Dr. Dede Hamm, a hospitality management professor at the University of Arkansas who specializes in events and destination marketing via tourism and travel, said the existence of the Arkansas Porch Sessions shows that the state "is getting something good out of the sponsorship."

"It does look like an experience that they're sponsoring," she said. "My guess would be that if they're doing it again, they got something out of it, enough to be able to sponsor again."

Hamm said cultivating a relationship is a good way to build up Arkansas as an international travel destination; in this case, how much fun people had at a state-branded music stage and how friendly the people from Arkansas were.

"Everybody remarks when they come to Arkansas how nice the people are," she said.

Black Deer Festival-goers with some demonstrated interest in Americana, and affluent enough to attend a music festival, are presumably a market for international travel to the state.

Hamm said the state's extant and developing outdoor recreational opportunities, especially mountain-biking in Northwest Arkansas, are attracting foreign tourists. She said the Black Deer's emphasis on camping and wholesome outdoor aesthetics make it "a good fit between what the state is trying to promote as a destination and what that festival is doing."

Bonnie Montgomery, the Jude Brothers, Dylan Earl and Melissa Carper are among the artists with an Arkansas connection booked to perform this year. A second "Ozark Holler Hootenanny" is scheduled. Nathaniel Rateliff & the Night Sweats, the Pretenders, Bonnie Raitt, Richard Hawley, Bear's Den and Steve Earle are headlining.

Melissa Carper, a cross-genre country singer-songwriter and bassist based now in Austin, Texas, after many years in Eureka Springs, has toured around Europe before.

"I know in England, the people over there really love American music," she said. "I think the audiences are just really super-enthusiastic, and they really get it. They don't get to hear it so much as people over here, so I think they're pretty excited when they hear it."

Cross-Atlantic cultural trends have been influencing art and culture on opposite continents for centuries. American folk music bears a significant debt to both Anglo-Irish dance tunes and balladry alongside the influence of West African rhythms and improvisation. Mid-century British youth took inspiration from Black American rock 'n' roll records to foster the British Invasion.
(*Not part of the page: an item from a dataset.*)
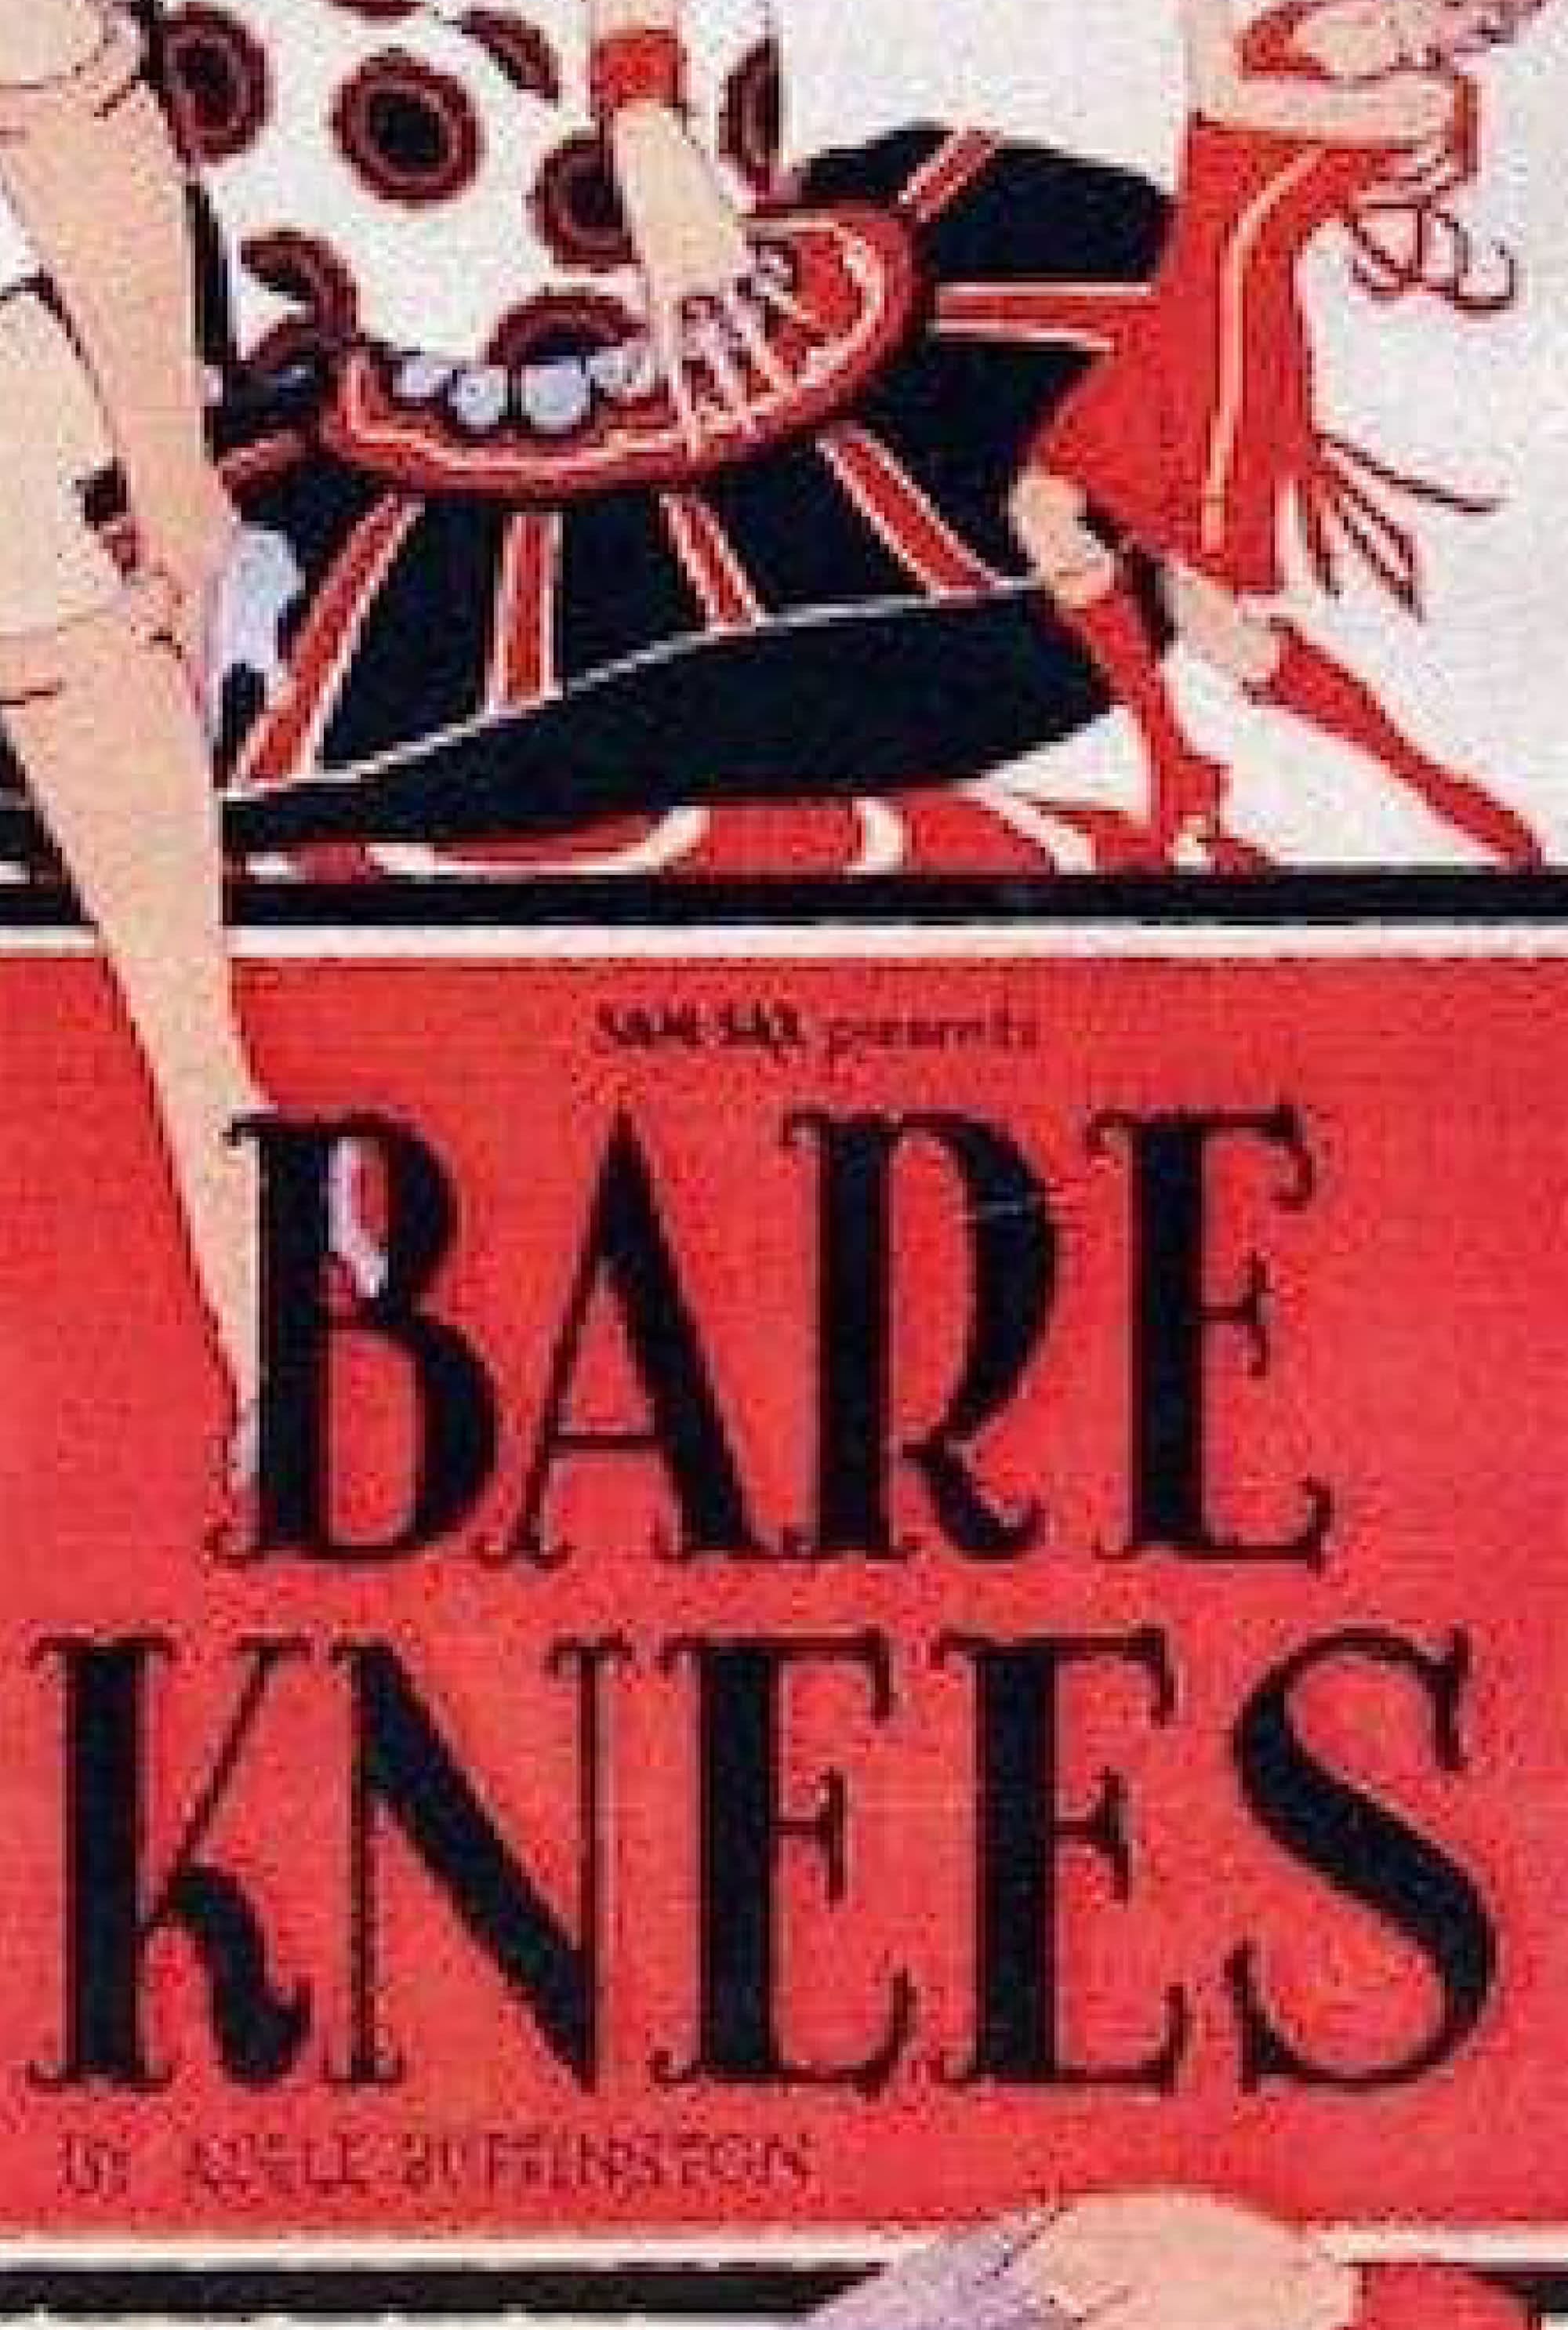 Atlas Presents: Sounds of Silence Film Series: Bare Knees - 1928 in Washington, DC

"Bringing that roots music over is something that I feel really good about, showing everybody that it's still alive and writing new songs," Carper said. "I think they recognize, 'Oh, this music came over from here, but they've added something different to it in America.'"

"I'm going to be touring with Willi Carlisle for several of those dates, and he does a similar thing to me: where he plays something that sounds old, but he's put his own twist to it," she said. "I feel like we're just keeping that music alive. And anybody who appreciates that style of music is always happy to hear it evolve."

Information for this article was contributed by Mike Wickline of the Arkansas Democrat-Gazette.